What you have to do: Only the lines from the one with "DECC, Horizon Room." through the end of the material are wanted, copied exactly and with the pictures left out.

Source material:
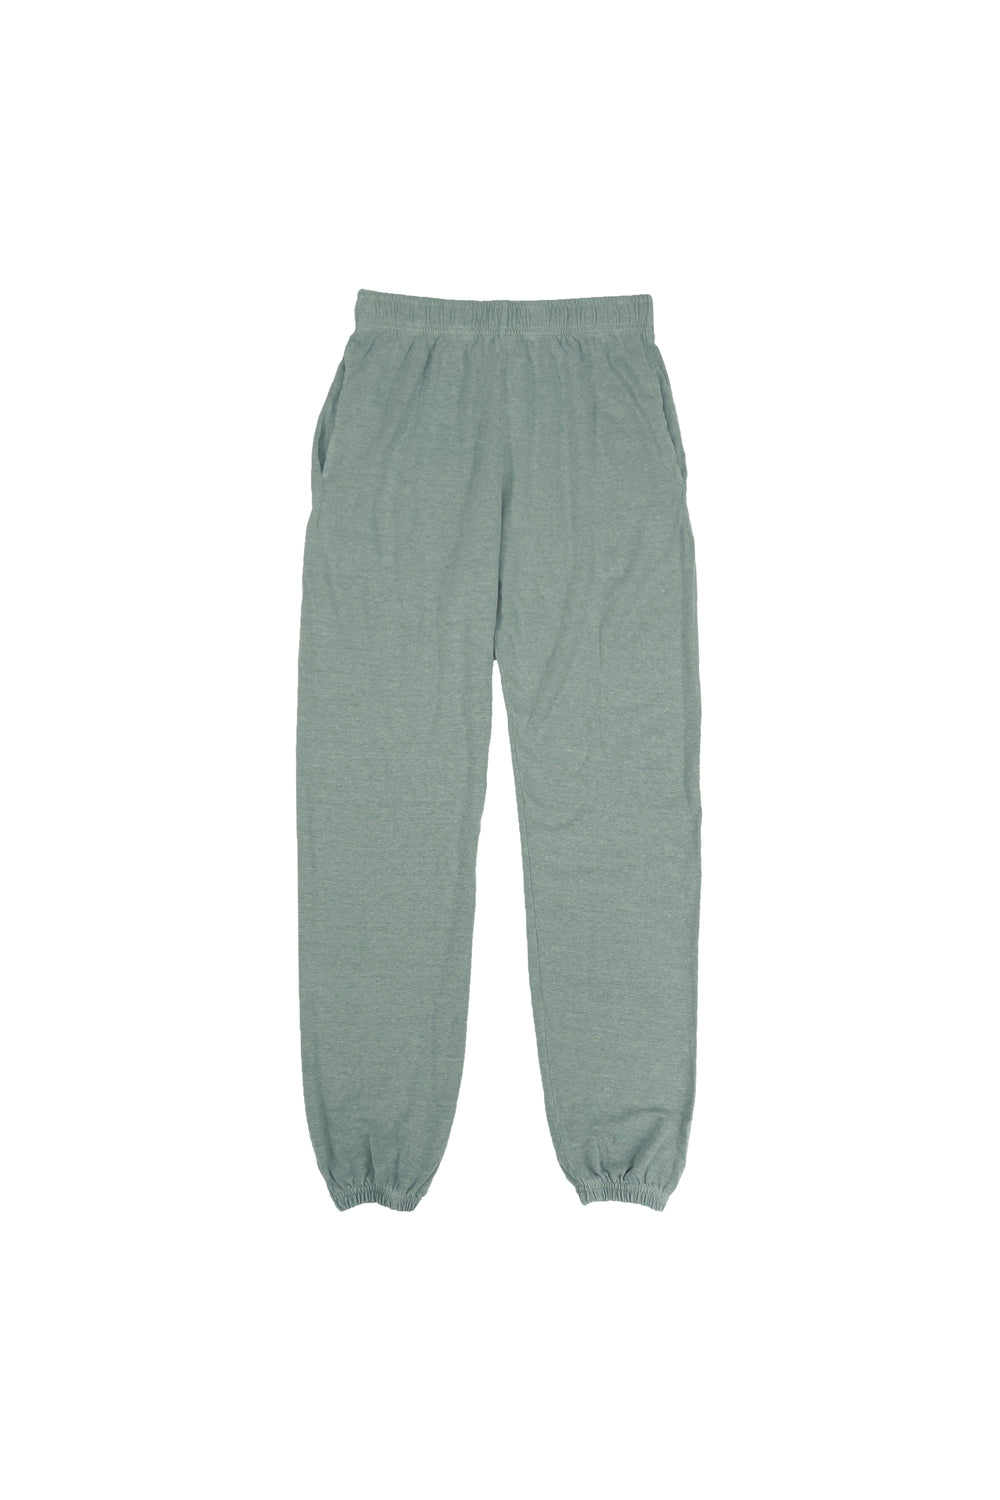 Alaska Hemp Wool Sweatpant | Jungmaven Hemp Clothing & Accessories / Color: Clay Green
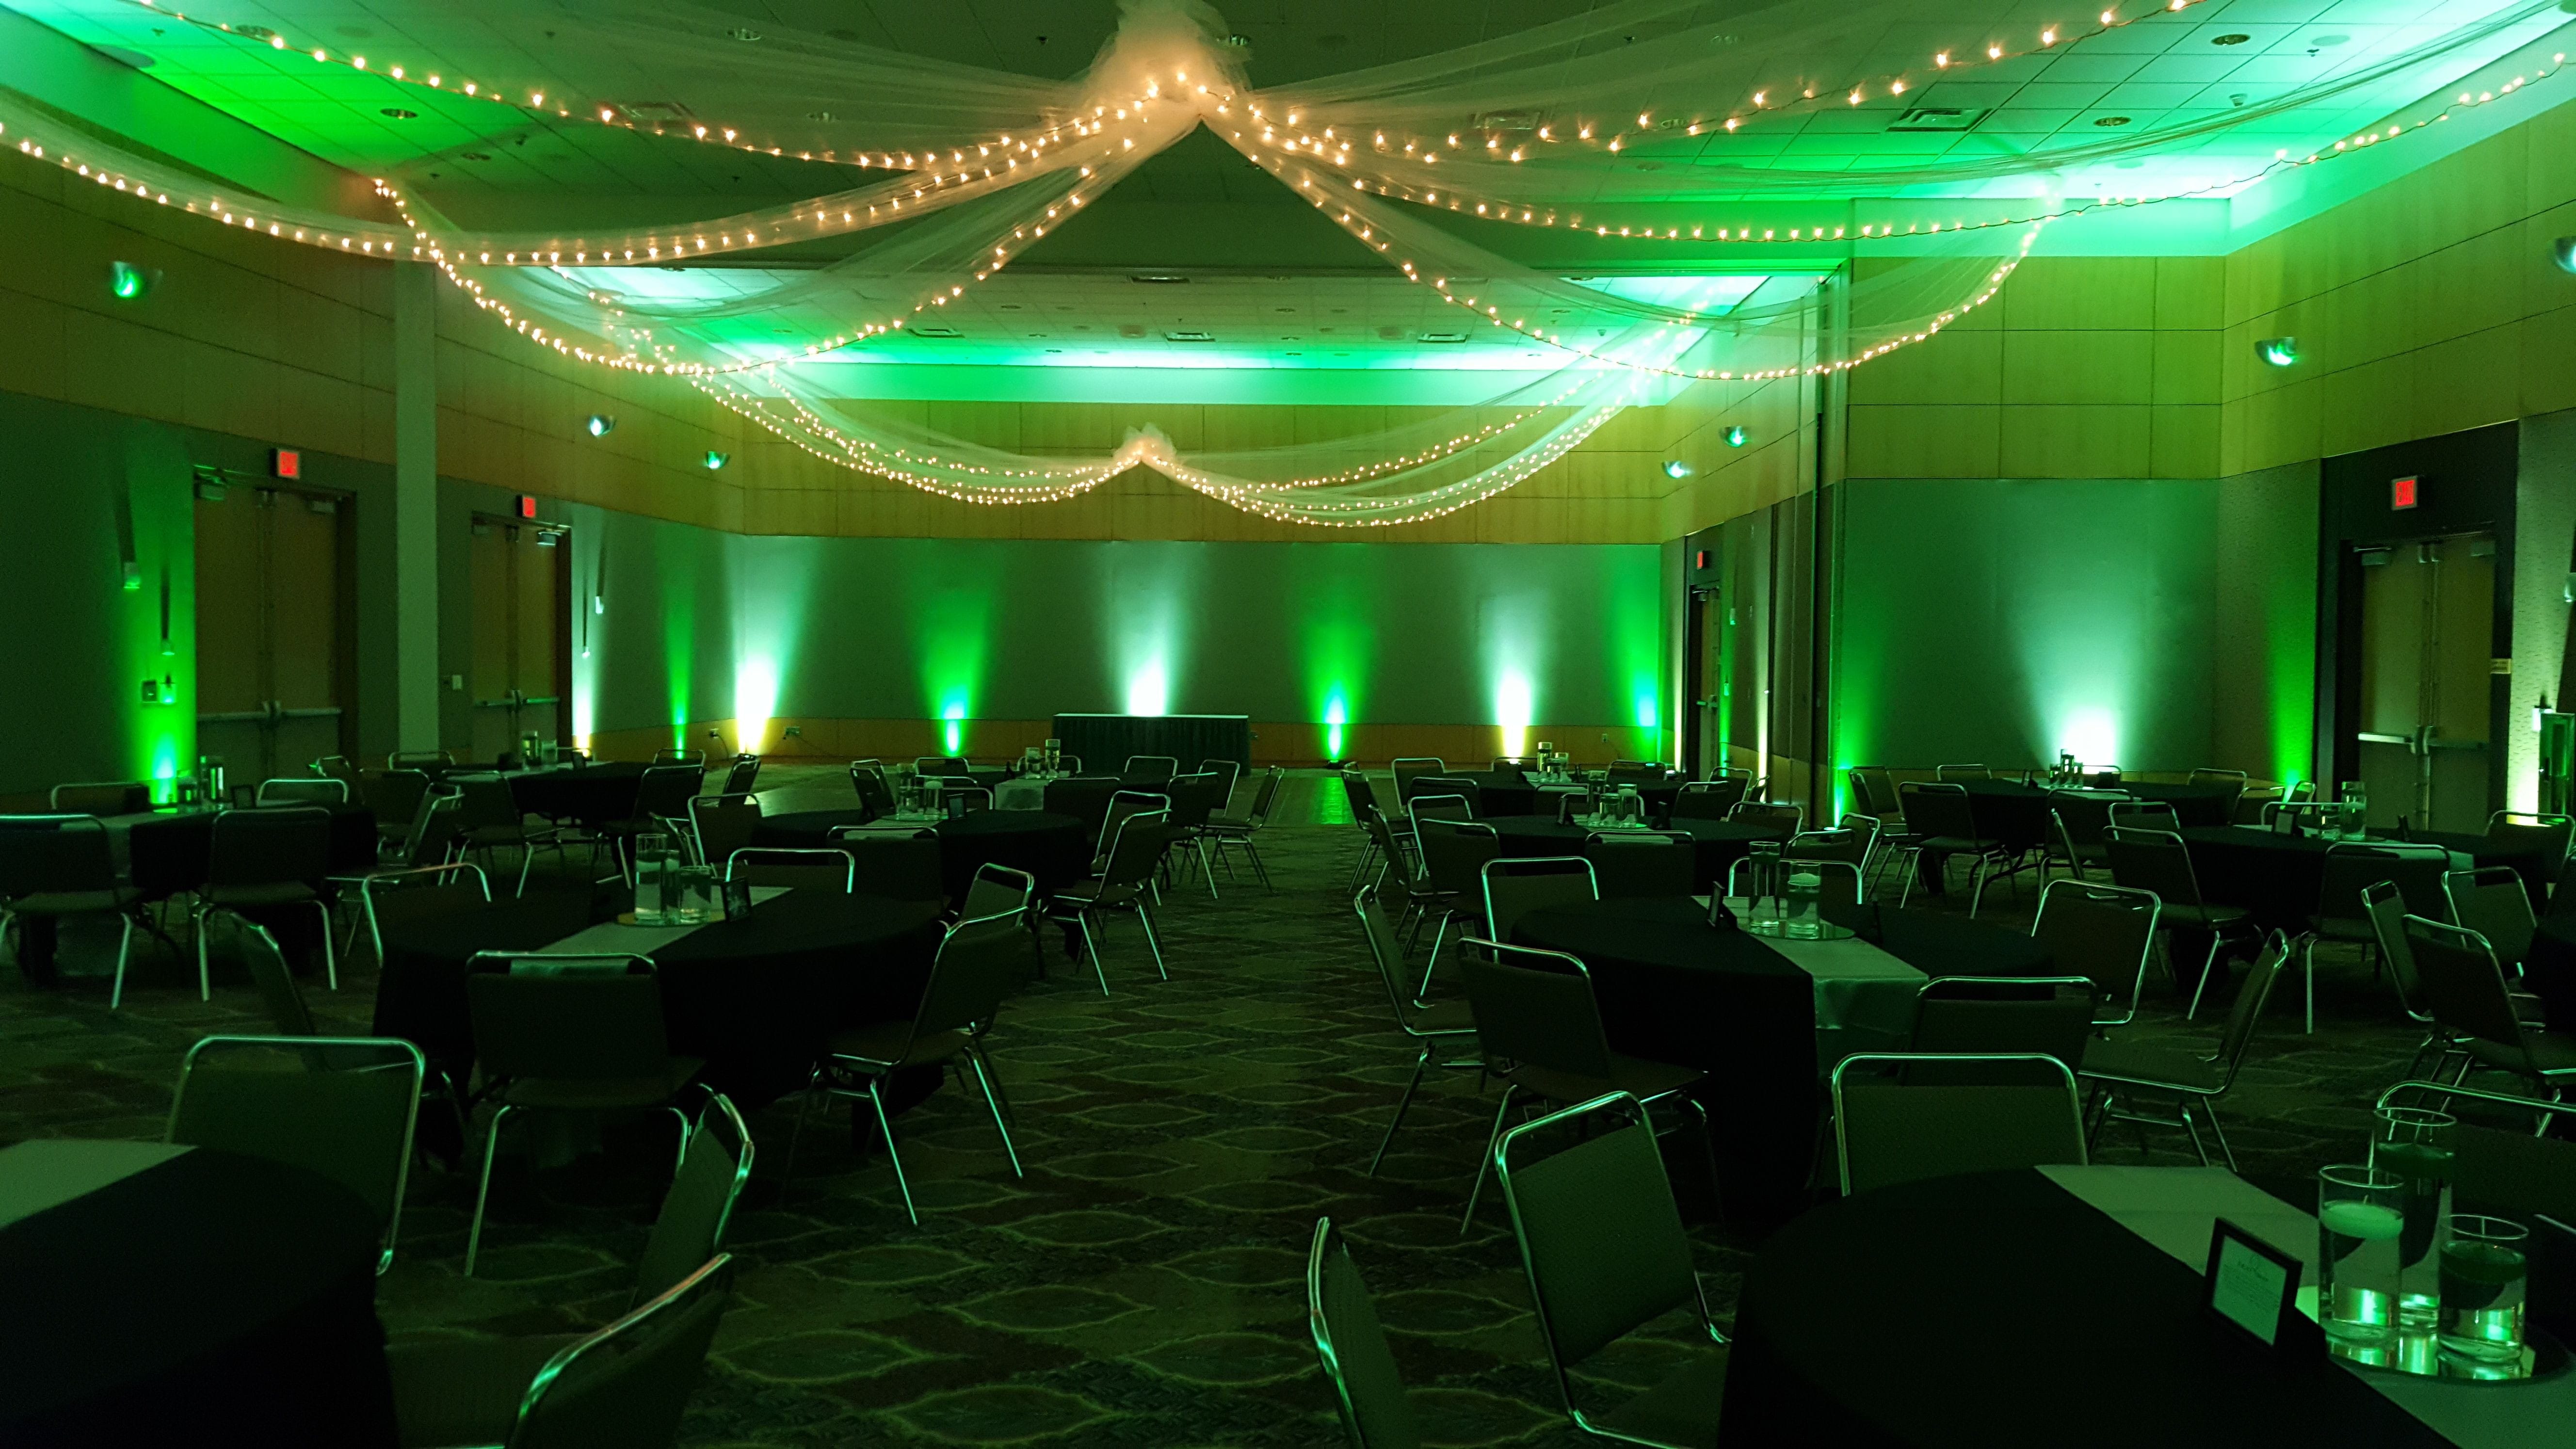 DECC, Horizon Room.
Two tone green up lighting.
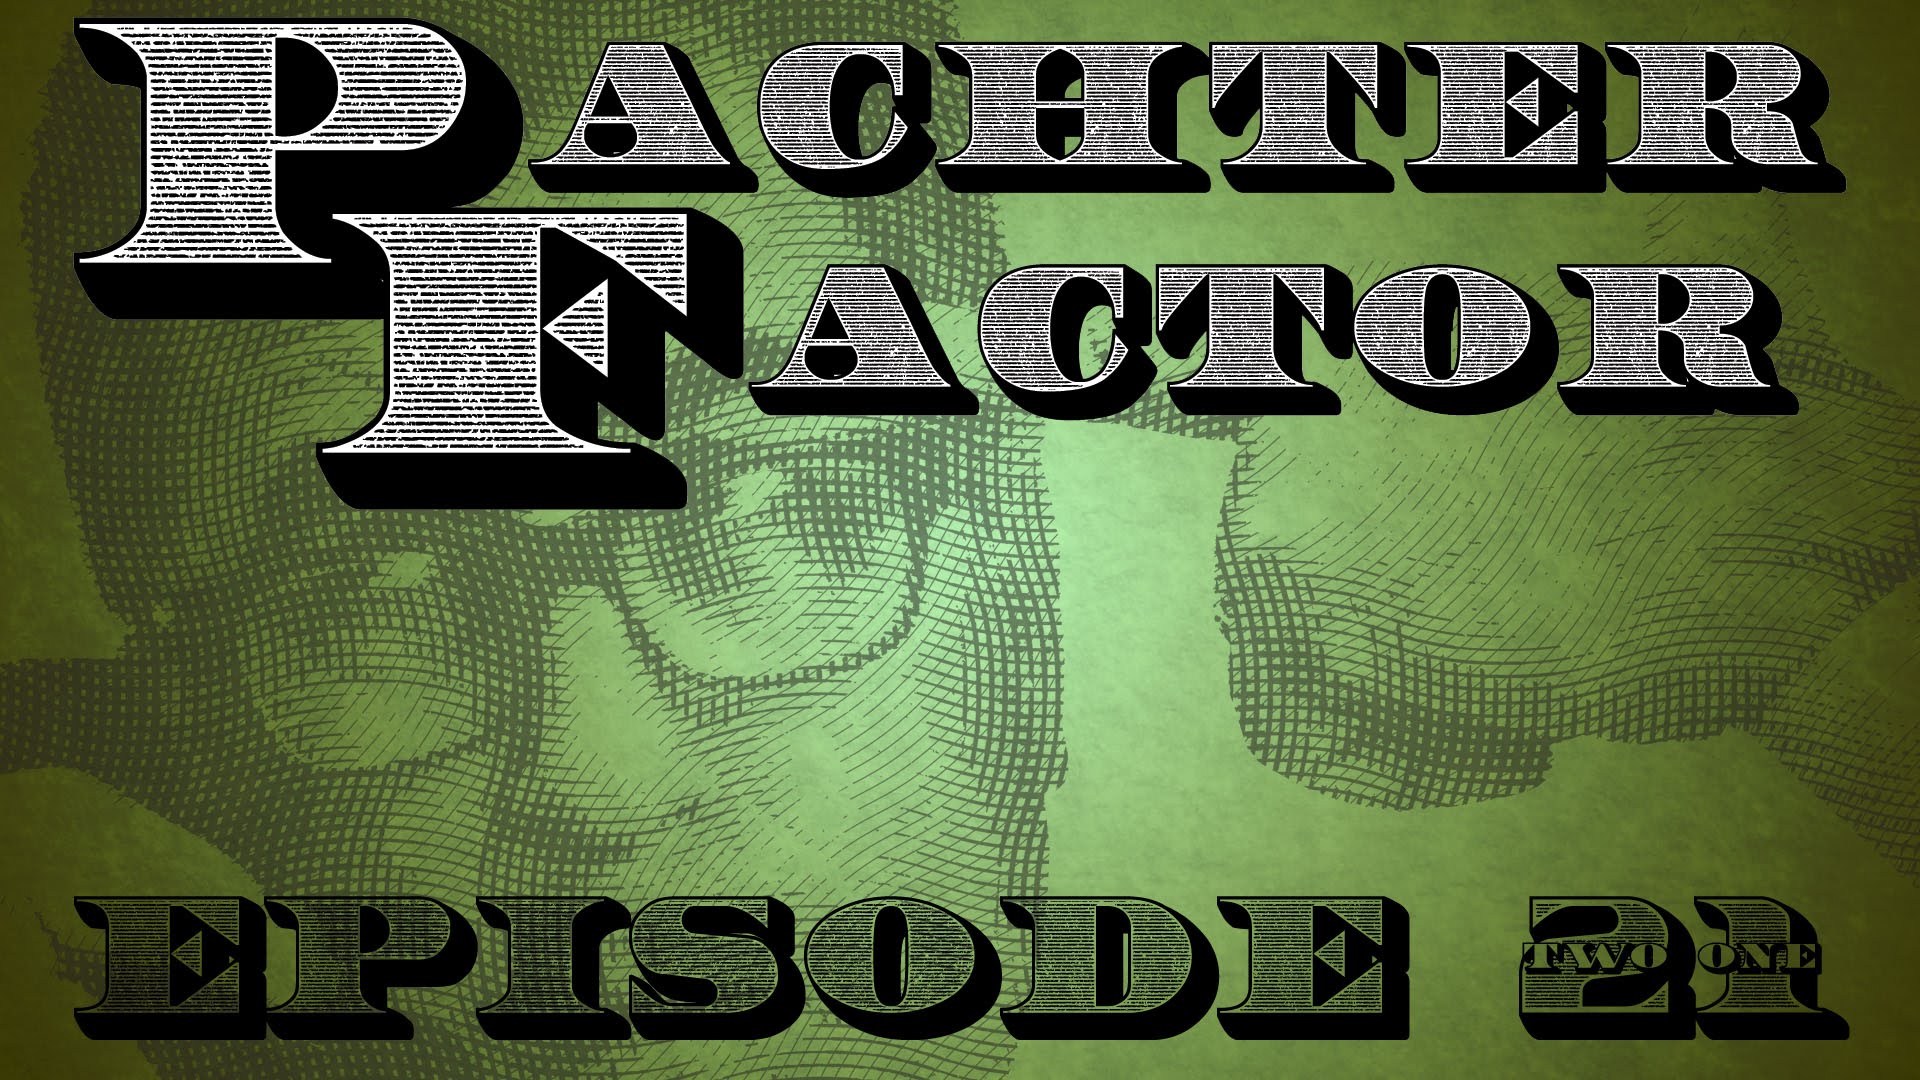 Pachter Factor episodio 21

Answer for this exercise:
 DECC, Horizon Room.
Two tone green up lighting.
 Pachter Factor episodio 21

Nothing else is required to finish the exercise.